The Chinese variant of the planetary system was brought to Japan by the Japanese monk Kūkai (9th century). Surviving diaries of the Japanese statesman Fujiwara Michinaga show the seven-day system in use in Heian Period Japan as early as 1007. In Japan, the seven-day system was kept in use for astrological purposes until its promotion to a full-fledged Western-style calendrical basis during the Meiji Period (1868–1912).
India
[edit]The seven-day week was known in India by the 6th century, referenced in the Pañcasiddhāntikā.[citation needed] Shashi (2000) mentions the Garga Samhita, which he places in the 1st century BCE or CE, as a possible earlier reference to a seven-day week in India. He concludes "the above references furnish a terminus ad quem (viz. 1st century) The terminus a quo cannot be stated with certainty".[49][50]
Christian Europe
[edit]The seven-day weekly cycle has remained unbroken in Christendom, and hence in Western history, for almost two millennia, despite changes to the Coptic, Julian, and Gregorian calendars, demonstrated by the date of Easter Sunday having been traced back through numerous computistic tables to an Ethiopic copy of an early Alexandrian table beginning with the Easter of 311 CE.[51][52]
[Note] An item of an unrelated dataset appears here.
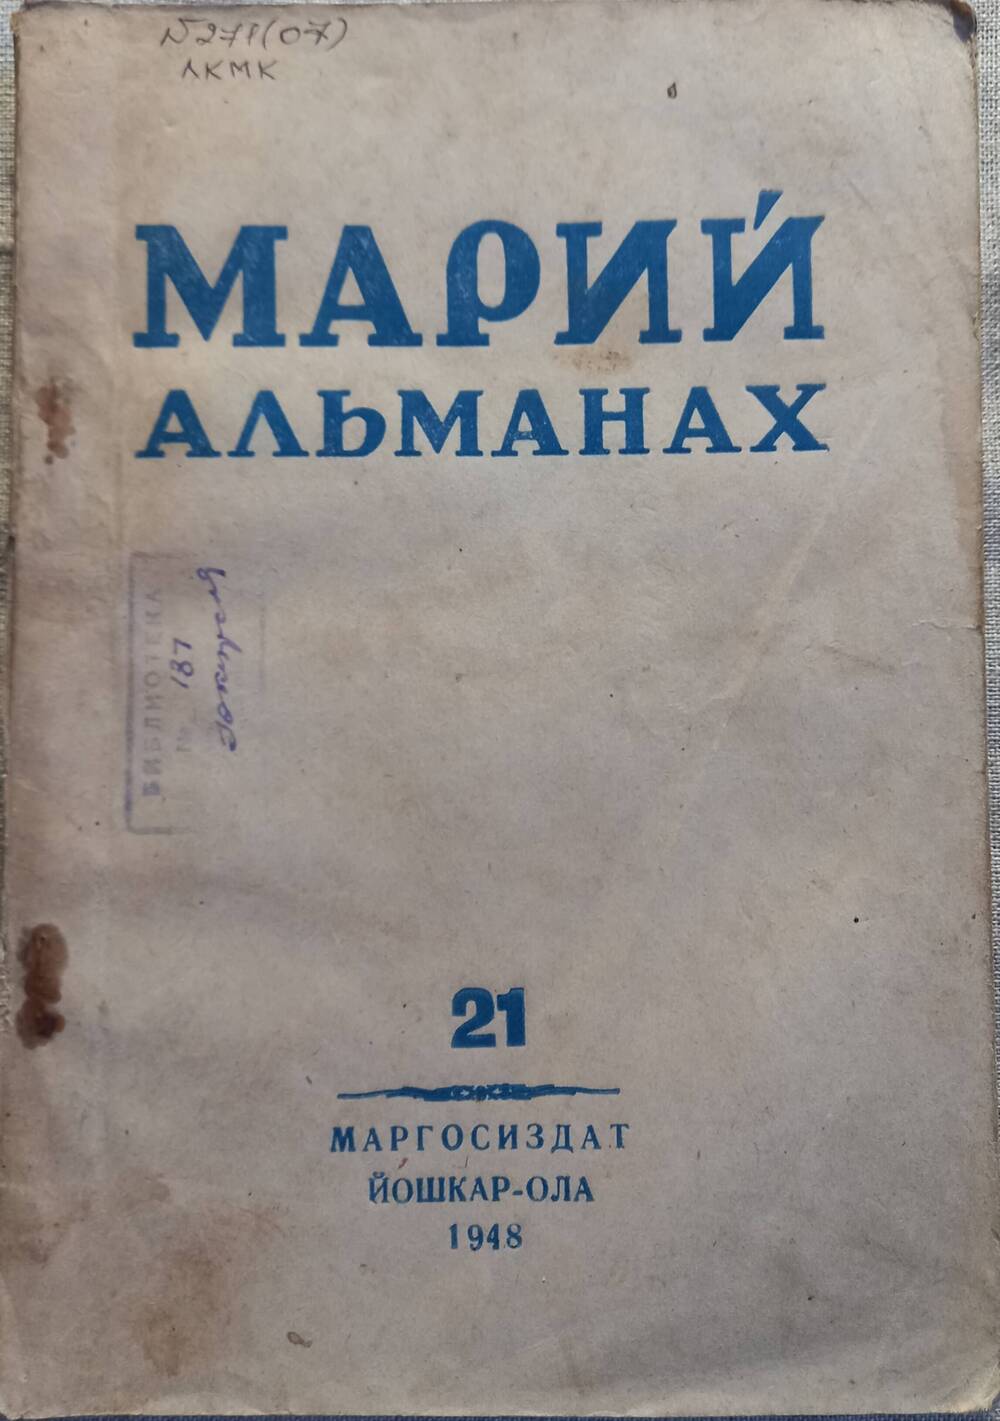 Марий альманах (Марийский альманах) №21

A tradition of divinations arranged for the days of the week on which certain feast days occur develops in the early medieval period. There are many later variants of this, including the German Bauern-Praktik and the versions of Erra Pater published in 16th- to 17th-century England, mocked in Samuel Butler's Hudibras. South and East Slavic versions are known as koliadniki (from koliada, a loan of Latin calendae), with Bulgarian copies dating from the 13th century, and Serbian versions from the 14th century.[53]
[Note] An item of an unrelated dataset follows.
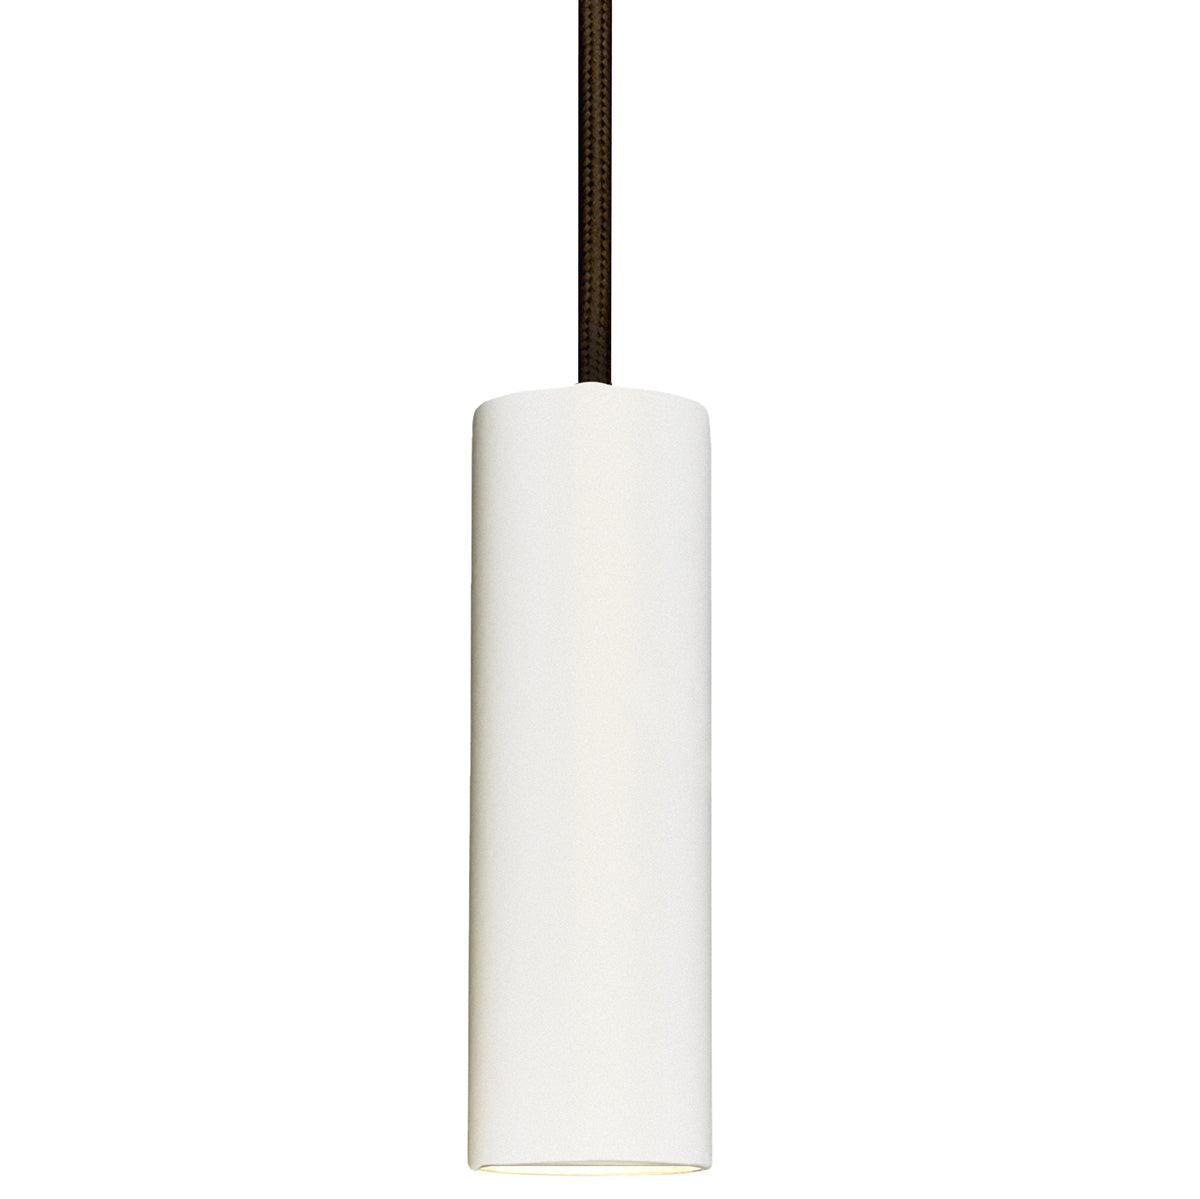 Matuba LED Wall Lamp - WOO .Design

Medieval Christian traditions associated with the lucky or unlucky nature of certain days of the week survived into the modern period. This concerns primarily Friday, associated with the crucifixion of Jesus. Sunday, sometimes personified as Saint Anastasia, was itself an object of worship in Russia, a practice denounced in a sermon extant in copies going back to the 14th century.[54]
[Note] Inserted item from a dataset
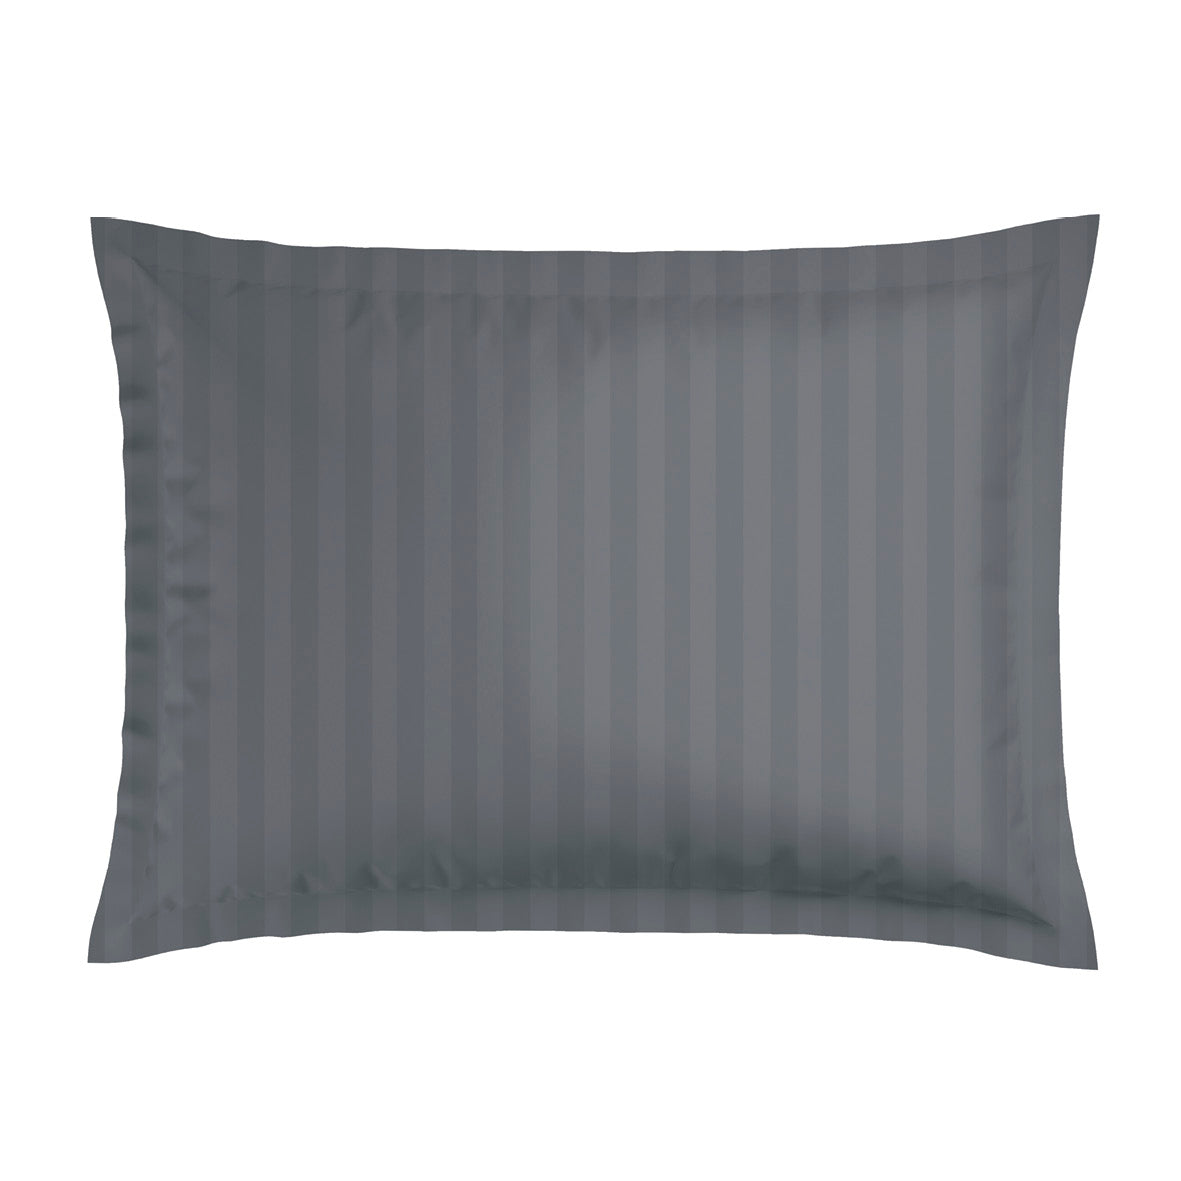 Pillowcase(s) cotton satin dobby stripe woven - Dark Grey 2 x (50 x 70 cm)

Sunday, in the ecclesiastical numbering system also counted as the feria prima or the first day of the week; yet, at the same time, figures as the "eighth day", and has occasionally been so called in Christian liturgy.[e]
Justin Martyr wrote: "the first day after the Sabbath, remaining the first of all the days, is called, however, the eighth, according to the number of all the days of the cycle, and [yet] remains the first."[55]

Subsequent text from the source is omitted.